Linear(in_features=768, out_features=2, bias=True)


##### **Q15: How do you freeze the BERT base layers and train only the added classification head to avoid overfitting early on?**


In [19]:
for param in model.bert.parameters():
    param.requires_grad = False  # freeze BERT encoder

##### **Q16: How do you unfreeze the BERT base layers after initial training to fine-tune the entire model?**

In [20]:
for param in model.bert.parameters():
    param.requires_grad = True  # unfreeze BERT encoder

## Training the fine-tuned BERT model


##### **Q17: How do you define the loss function for training BERT on a text classification task?**


In [21]:
import torch.nn as nn

loss_fn = nn.CrossEntropyLoss()  # standard loss for classification

##### **Q18: How do you set up the AdamW optimizer with weight decay to update the model’s parameters during training?**


In [23]:
from torch.optim import AdamW

optimizer = AdamW(model.parameters(), lr=2e-5, weight_decay=0.01)  # pytorch-native AdamW

##### **Q19: How do you implement the training loop, including the forward pass through BERT, loss calculation, and backpropagation?**


In [24]:
from tqdm import tqdm

def train(model, dataloader, optimizer, loss_fn):
    model.train()
    total_loss = 0
    correct = 0
    total = 0
    for batch in tqdm(dataloader):
        input_ids = batch["input_ids"].to(device)
        attention_mask = batch["attention_mask"].to(device)
        labels = batch["label"].to(device)
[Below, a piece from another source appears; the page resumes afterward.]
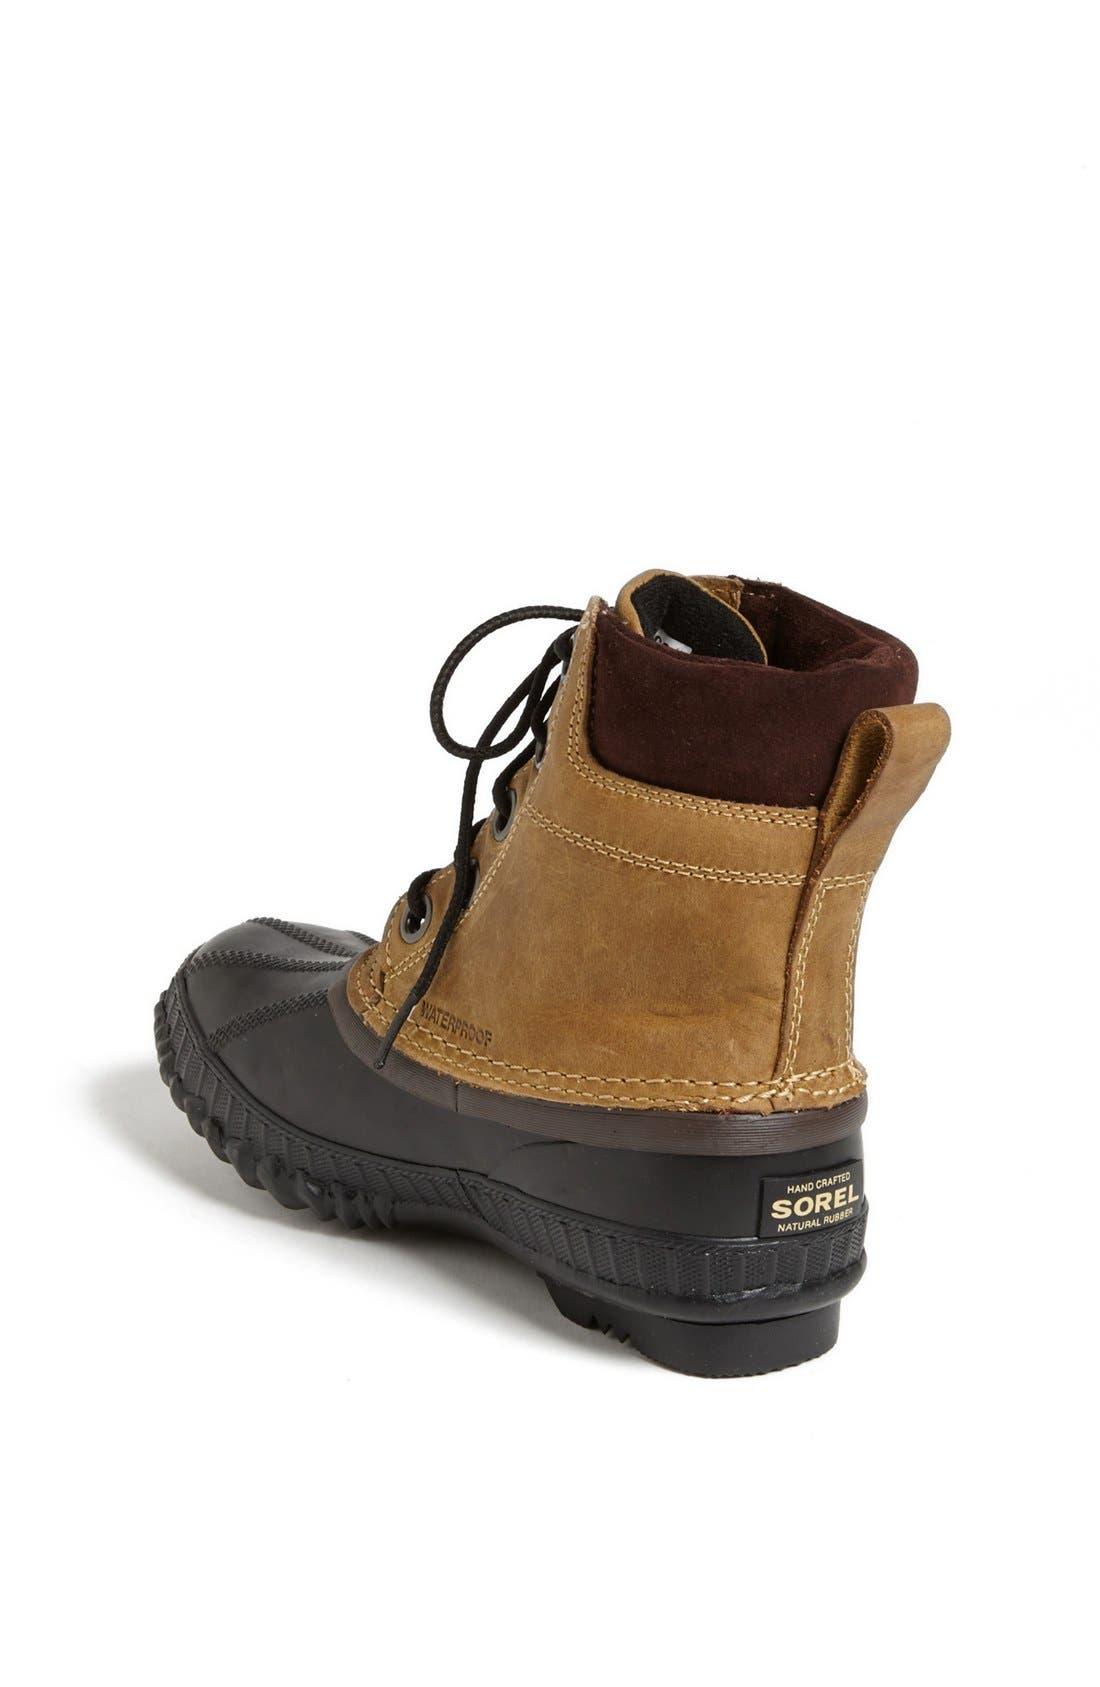 Alternate Image 2  - SOREL 'Cheyenne' Boot (Little Kid & Big Kid)
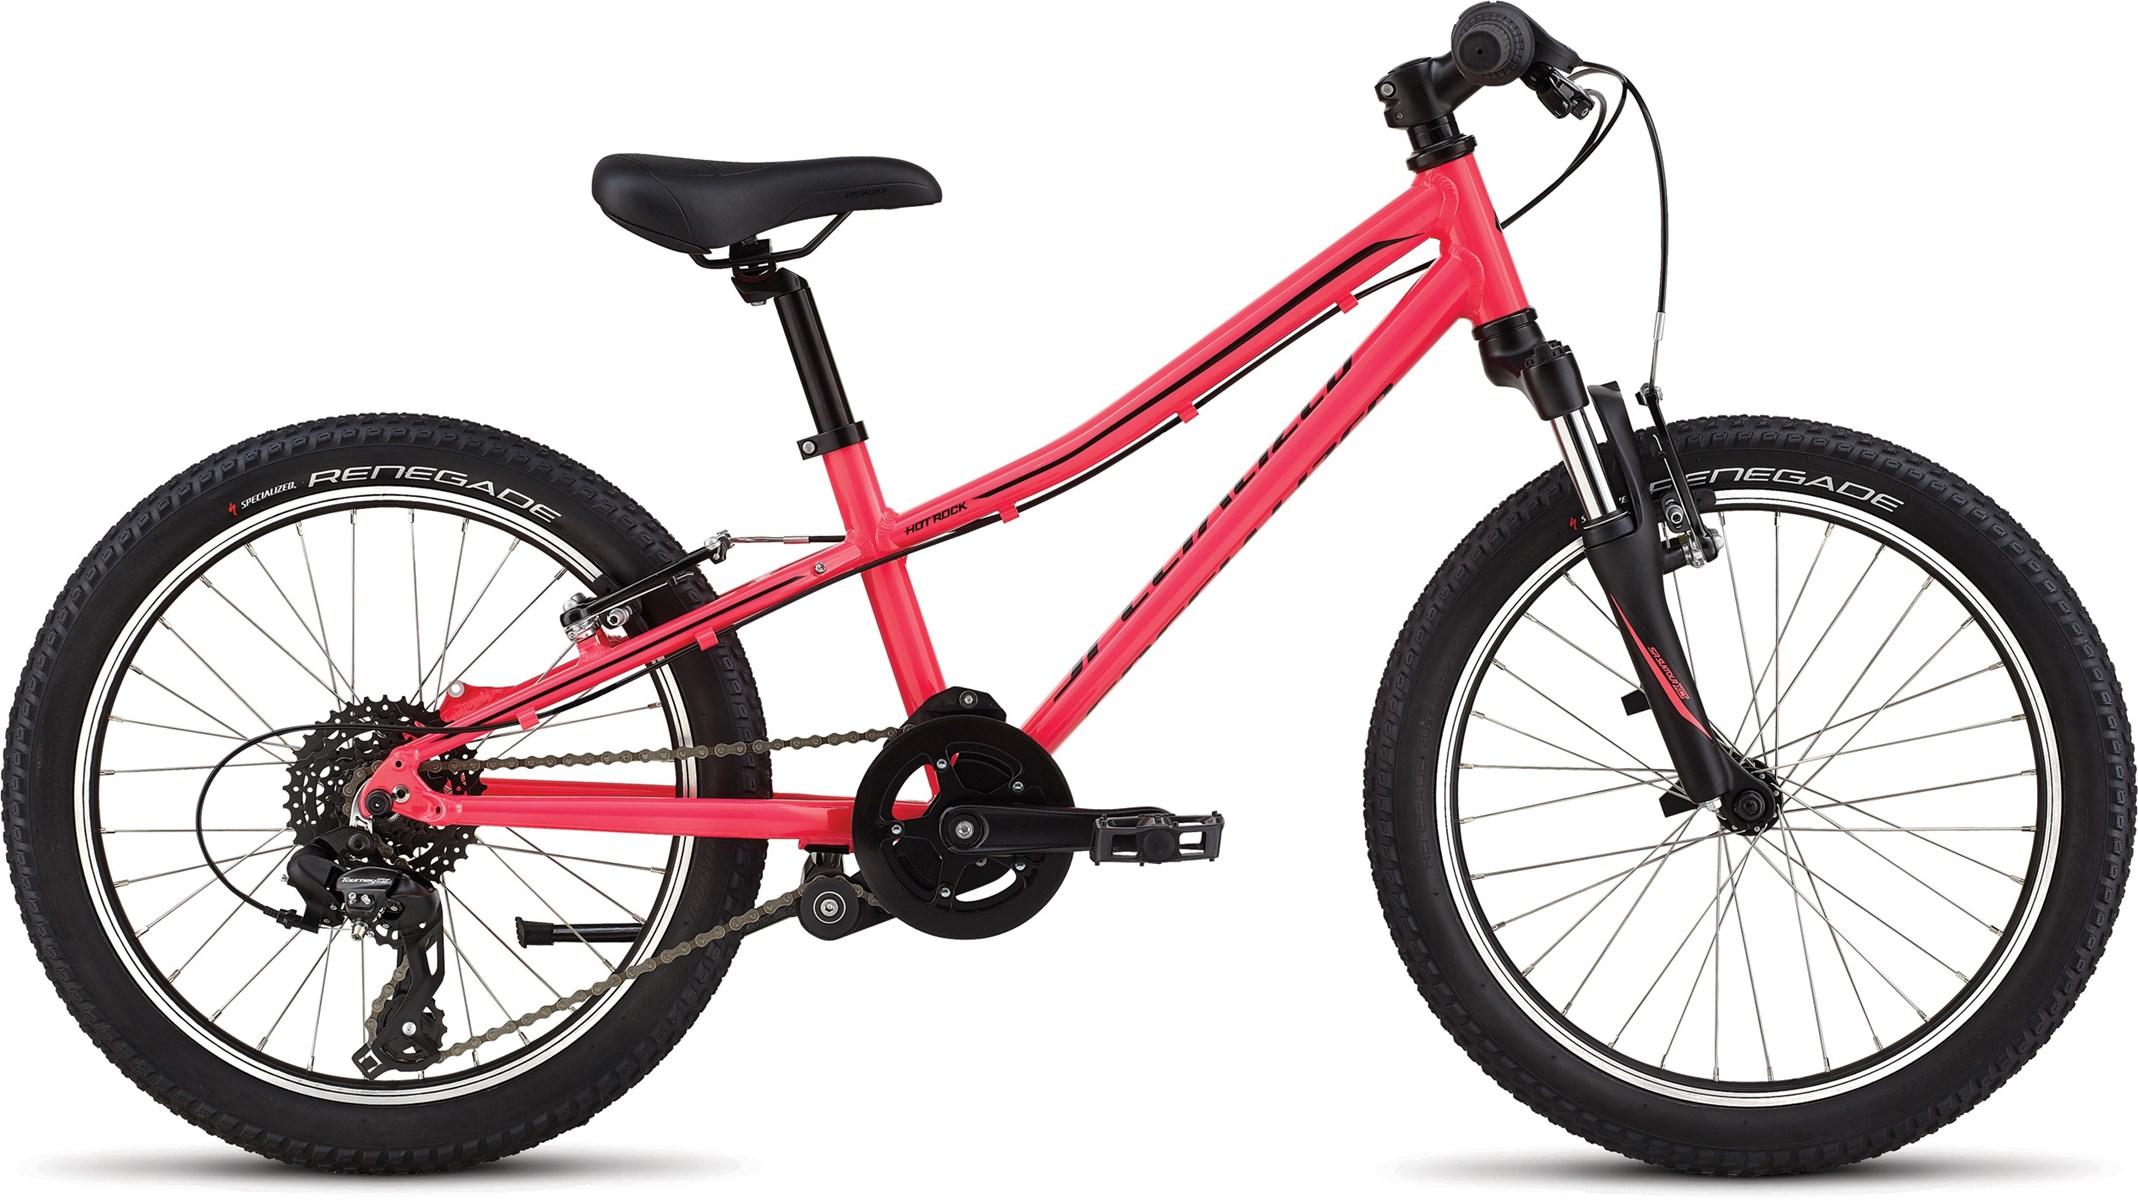 Specialized Hotrock 20 Kids Bike 2020 - Acid Pink/Black

        outputs = model(input_ids=input_ids, attention_mask=attention_mask)  # forward pass
        logits = outputs.logits
        loss = loss_fn(logits, labels)  # compute loss

        optimizer.zero_grad()
        loss.backward()
        optimizer.step()

        total_loss += loss.item()
        preds = torch.argmax(logits, dim=1)
        correct += (preds == labels).sum().item()
        total += labels.size(0)
    
    avg_loss = total_loss / len(dataloader)
    accuracy = correct / total
    print(f"Train Loss: {avg_loss:.4f} | Accuracy: {accuracy:.4f}")

##### **Q20: How do you apply gradient clipping to prevent exploding gradients during the fine-tuning of BERT?**


In [25]:
from torch.nn.utils import clip_grad_norm_

# insert after loss.backward() in the training loop
clip_grad_norm_(model.parameters(), max_norm=1.0)  # apply clipping

tensor(0.)

##### **Q21: How do you track and log the training loss and accuracy over multiple epochs while fine-tuning BERT?**

In [26]:
num_epochs = 3
train_losses = []
train_accuracies = []

for epoch in range(num_epochs):
    print(f"Epoch {epoch+1}/{num_epochs}")
    model.train()
    total_loss = 0
    correct = 0
    total = 0
    for batch in train_dataloader:
        input_ids = batch["input_ids"].to(device)
        attention_mask = batch["attention_mask"].to(device)
        labels = batch["label"].to(device)

        outputs = model(input_ids=input_ids, attention_mask=attention_mask)
        logits = outputs.logits
        loss = loss_fn(logits, labels)

        optimizer.zero_grad()
        loss.backward()
        clip_grad_norm_(model.parameters(), max_norm=1.0)  # apply clipping
        optimizer.step()

        total_loss += loss.item()
        preds = torch.argmax(logits, dim=1)
        correct += (preds == labels).sum().item()
        total += labels.size(0)

    avg_loss = total_loss / len(train_dataloader)
    accuracy = correct / total
    train_losses.append(avg_loss)
    train_accuracies.append(accuracy)
    print(f"Train Loss: {avg_loss:.4f} | Accuracy: {accuracy:.4f}")

Epoch 1/3
Train Loss: 0.2919 | Accuracy: 0.8814
Epoch 2/3
Train Loss: 0.1735 | Accuracy: 0.9441
Epoch 3/3
Train Loss: 0.1070 | Accuracy: 0.9732


## Evaluating the fine-tuned BERT model


##### **Q22: How do you evaluate the fine-tuned BERT model on a validation or test set to calculate performance metrics?**


In [27]:
def evaluate(model, dataloader, loss_fn):
    model.eval()
    total_loss = 0
    correct = 0
    total = 0

    with torch.no_grad():
        for batch in dataloader:
            input_ids = batch["input_ids"].to(device)
            attention_mask = batch["attention_mask"].to(device)
            labels = batch["label"].to(device)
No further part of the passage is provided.